The hand wavy argument is that we are looking for nouns, and the commands, as messages, are the noun that we want. No kidding, our resources are representations of little pieces of paper, a ToDo on a post it note, that the client is passing to the server.

It still feels like a cheat to me.

But Jim in his talks points out, rightly, that if you are communicating over HTTP, then you are using a document management system to communicate your applications state. So if you aren't passing documents, you're clearly Doing It Wrong.

That's getting closer, but I needed to make one more connection to sell myself.

Stepping back from the problem; ignore the REST constraint completely. The client, over there, needs to communicate with the server here. We crossing a boundary; if we watch on the wire, we're not going to see objects in the transfer, but data. We see the same thing when the client queries a projection - Data Transfer Objects are being exchanged.

Data Transfer Object is a synonym for document. Oh.

I find it a little bit easier to sneak up on the idea by looking at the interaction with the read model. The client sends us a query, and we send back some projection of the model. It doesn't make sense to think about caching a model (it changes in time), and caching the projection (which also changes in time) is similarly dubious, but caching a snapshot of the projection at some point in time -- that does make sense. "Get me the report as of Time.now()" sure sounds like a document to me.

Something similar happens with domain events, and the communication between the read model and the write model. "Stream of Events" might not sound like a document, but journal, ledger, log -- those certainly are.

Commands as documents? I mentioned the ToDo analog earlier, but another good fit would be orders.

Model Change

Of course, the whole point to this mess is to have an application that can interact with the model, so something needs to connect the two.

The read model, that's easily managed -- the queries arrive, the appropriate event history is loaded into the projection, and report is generated and delivered. All of these steps are idempotent and safe - we might change some state in memory, like caching the projection data for a time in case we are about to need it, but the model and the event history are not changed at all.

The write model is more difficult - changing the model is a side effect of the arrival of the command, and the command may arrive more than once.

For instance, the client puts a command, the command is received and executed, but the acknowledgement of the command is lost in transit. As PUT is supposed to be idempotent, the client may send the command document a second time.

The model, it should be running the commands given to it. So you need either that the commands in the model handle commands idempotently, or you need the anti-corruption layer to do the right thing when the duplicated command arrives.
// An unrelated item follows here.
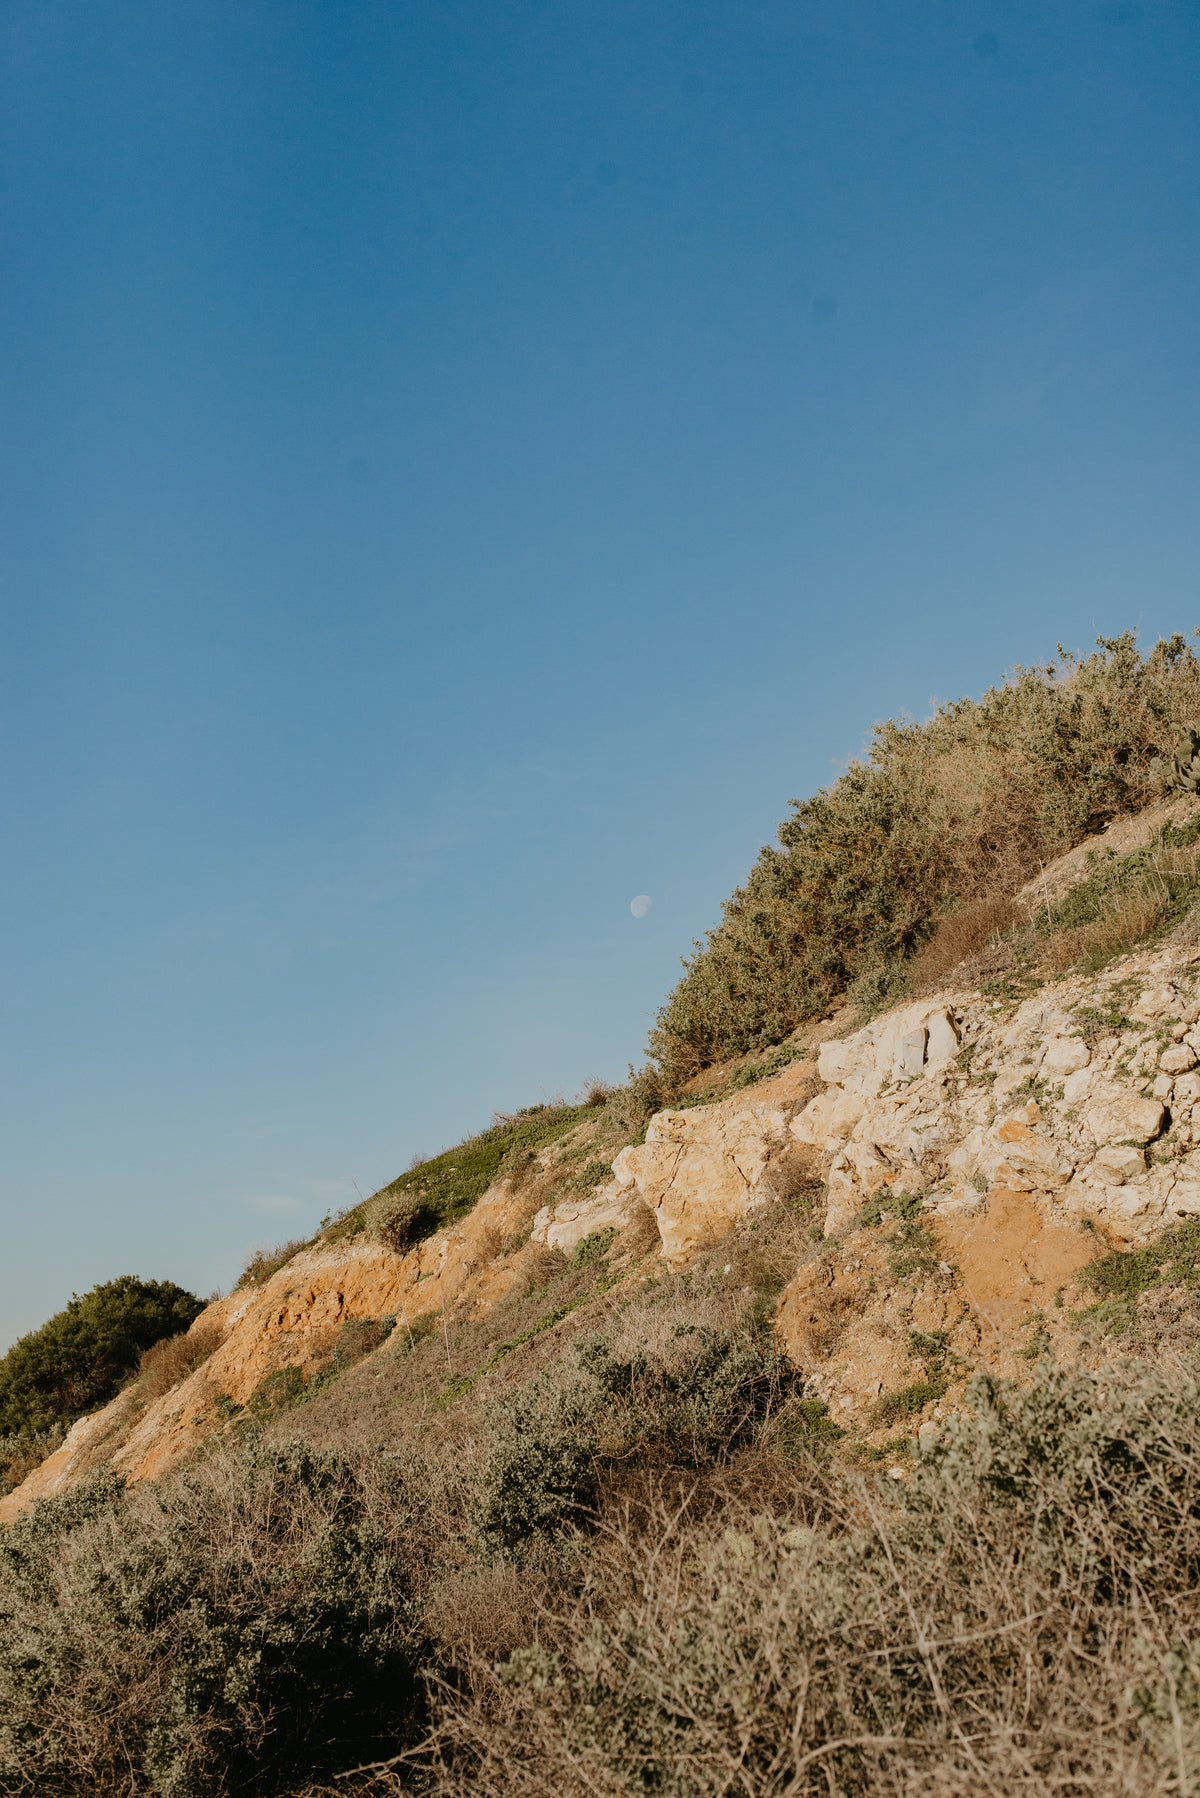 洁白的月亮挂在清脆的蓝天上，旁边是悬崖峭壁

An example scenario: Alice puts command.id:1 to the server. The server executes the command, updating the history of the model, and publishes a reply. That reply is lost in transit. Bob puts command.id:2 to the server, updating the model further. Alice times out waiting for the acknowledgment that her command arrived, and resends it. Charlie puts command.id:3 to the server, but is data is stale because he was working from a state prior to Alice's first command.

What should the responses look like?

Bob, clearly, successfully delivered a command that was executed, he should see a status 201 Created message. Charlie's command should be rejected, because the preconditions under which he submitted the command were not met, which probably means a 409 or 411 response. Alice's first command should like Bob, get a 201. When she resubmits the same command a second time, it is still supposed to be an idempotent operation, so she should still be getting the 201 response (and not the error code seen by Charlie).

That probably means a message store: to cache the response in the application layer for a time so that it can be replayed without interacting with the model.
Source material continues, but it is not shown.